The ministry's target is to keep the drop-out rate in both primary and secondary schools at 1.5 per cent in 2010. It achieved that target last year and the figure was maintained this year.
Senior Parliamentary Secretary for Education Masagos Zulkifli said it is impossible to have an attrition rate of zero per cent.
About three years ago, the drop-out rate was about four to five per cent. It went down to three per cent and then to 1.5 per cent last year.
He said: "If you look at the 1.5 per cent, it is an absolutely small number. In many countries where I have visited, when we tell them our attrition rate is 1.5 per cent, they almost always fall off their chair, because what to them is manageable is always around five to seven per cent, which is what they're going towards and find hard to achieve."
Even so, the ministry is not giving up on those who have dropped out. But for now, the focus is to enhance the initiatives aimed at keeping the drop-out rate low.
Mr Masagos said: "We want to ensure that the programmes that we run in these schools do not get routinised, (and) students do not feel that they are somewhat disadvantaged. We will look at and review the programmes over time, get feedback from the ground.

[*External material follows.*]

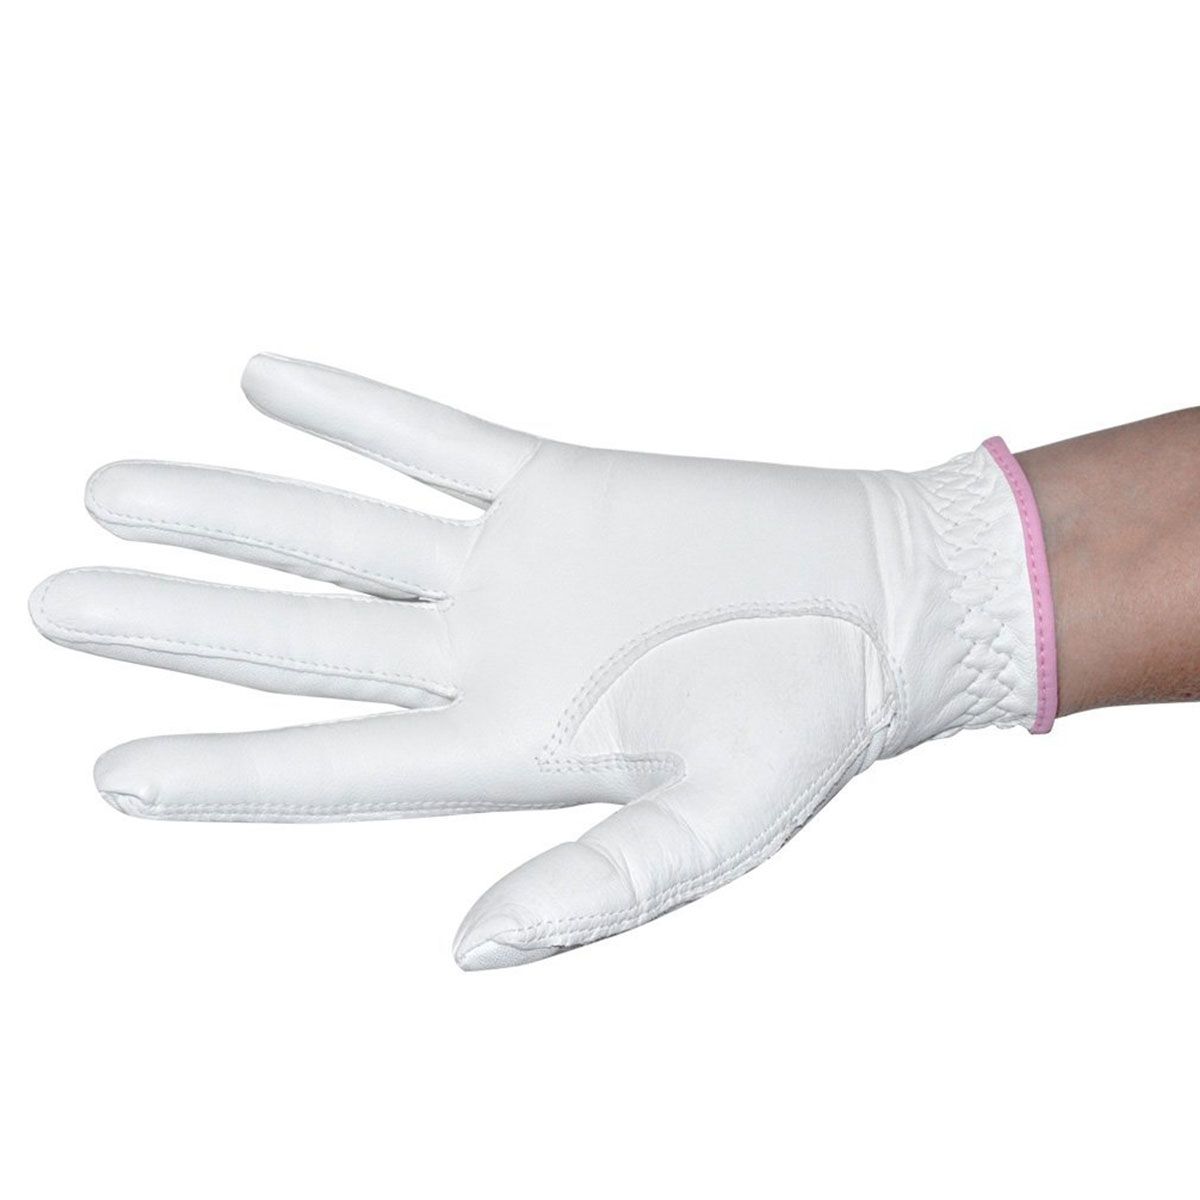 open palm view of an Intech Women's Cabretta Leather Golf Glove with a person wearing it on their left hand
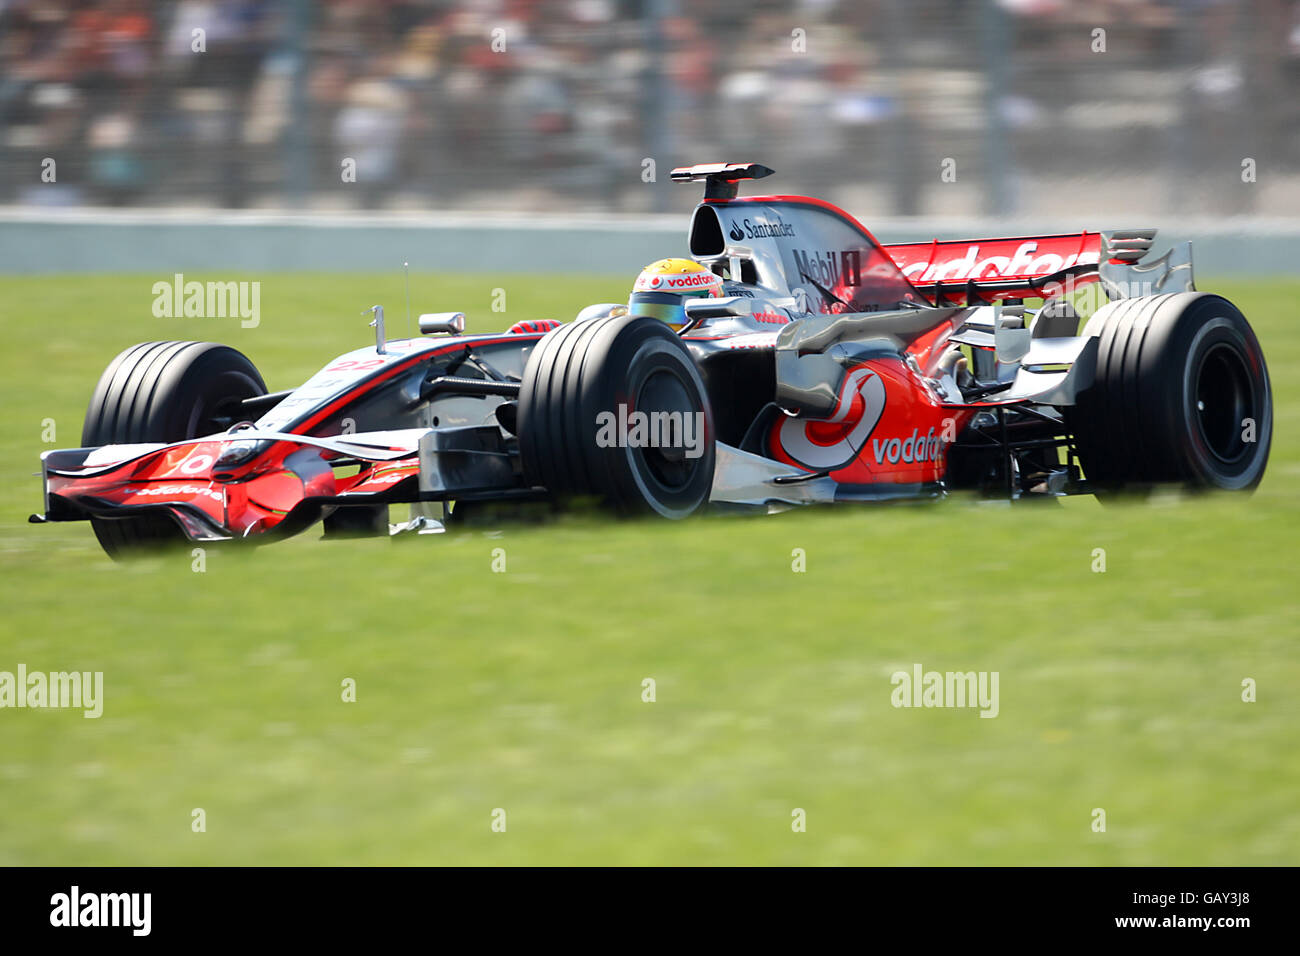 McLaren Mercedes' Lewis Hamilton during qualifying for the Grand Prix at Magny-Cours, Nevers, France. Stock Photo

"If we need to increase the funding, we will. If we need to increase the number of programmes, we will."
One such item is the Time-out programme which targets students that have poor school attendance. Some 80 schools have applied for up to S$12,000 worth of funds each to start the programme.
Telok Kurau Secondary School is one them. Five of the six students involved in the programme have been coming to school regularly. Before they were put on the programme, they were habitual absentees, sometimes staying away from school for months at a stretch.
The school also started its very own initiative, known as SWISS or School Within a School System, last year. Normal technical students are able to take up courses in hairstyling and beauty, so as to keep them engaged in school.
Mohd Taufiq Abdul Rahman, a student, said: "During Sec one and two, I was not interested in school and was always late coming to school. So after this programme was introduced to me, I started to like coming to school. Sometimes after school I will stay back in school and do my work too, so this place is like a home already."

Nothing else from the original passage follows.